The native Mach/BSD Unix implementation is a by-product of the team's
efforts to develop a distributed operating environment dubbed the
"Local Area MultiProcessor (LAMP)". Machines in a LAMP network
actually share physical memory across the network, with cache coherency
maintained by specialised hardware in the workstations.

Current the team, lead by Dr. Qiang Li are building the system on
Power Macs, since the machines' Processor Direct Slots (PDS) make it
easy to implement the distributed cache coherency needed.

As part of the software side of the project, the team have built a
Mach/BSD-Unix operating system.  Now Dr Li believes that the work may
have applicability outside of LAMP project.

"We tentatively call our version of Mach 'PMacMach'", said Dr Li in a
posting on Usenet, "The porting started in Summer'94 and has been
carried out mainly by 3 graduate students... After long and
painstaking effort, we have been able to boot the single-user mode and
execute external commands from the Unix shell.

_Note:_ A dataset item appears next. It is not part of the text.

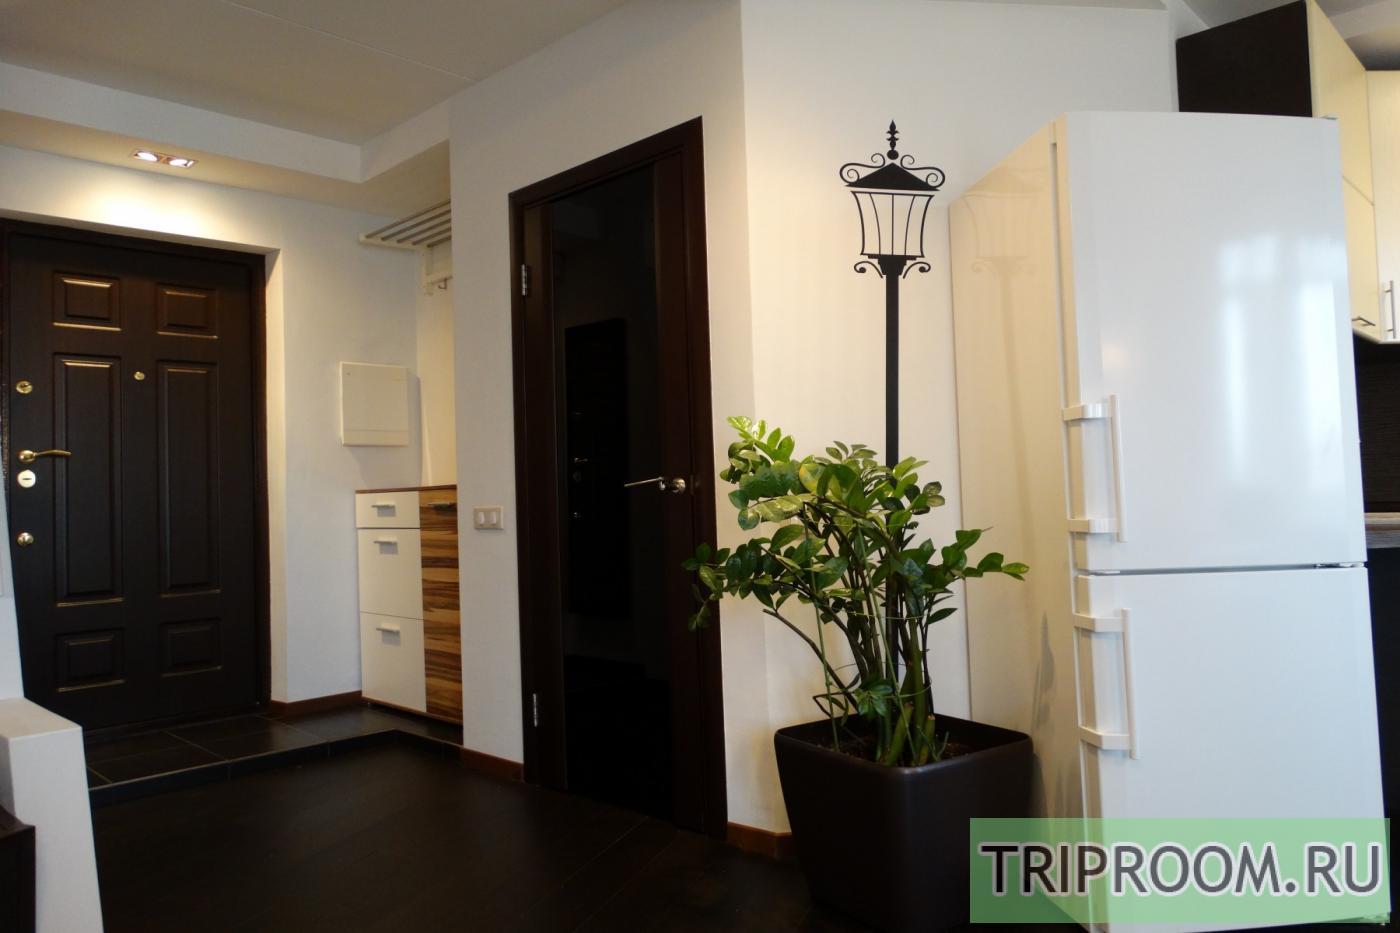 1-комнатная квартира посуточно (вариант № 22157), ул. Архитектора Власова улица, фото № 4

There is still a lot of
work ahead before the system will be stable, but the biggest hurdle
for bootstrapping the system is almost overcome."

Funding from Apple and the US National Science Foundation covers the
core LAMP activity only, and there are no resources available to turn
PMacMach into a separate, stand-alone project. In addition,  Dr Li
says that since the project involves Apple's confidential information,
"it is difficult to have people outside our school to get involved,
except at very high level, such as porting gcc".

So where does the project go from here?  "It would be ideal if someone
would give money to support two students just to finish the porting
and maintain the system. But I know I am stretching." Says Dr Li.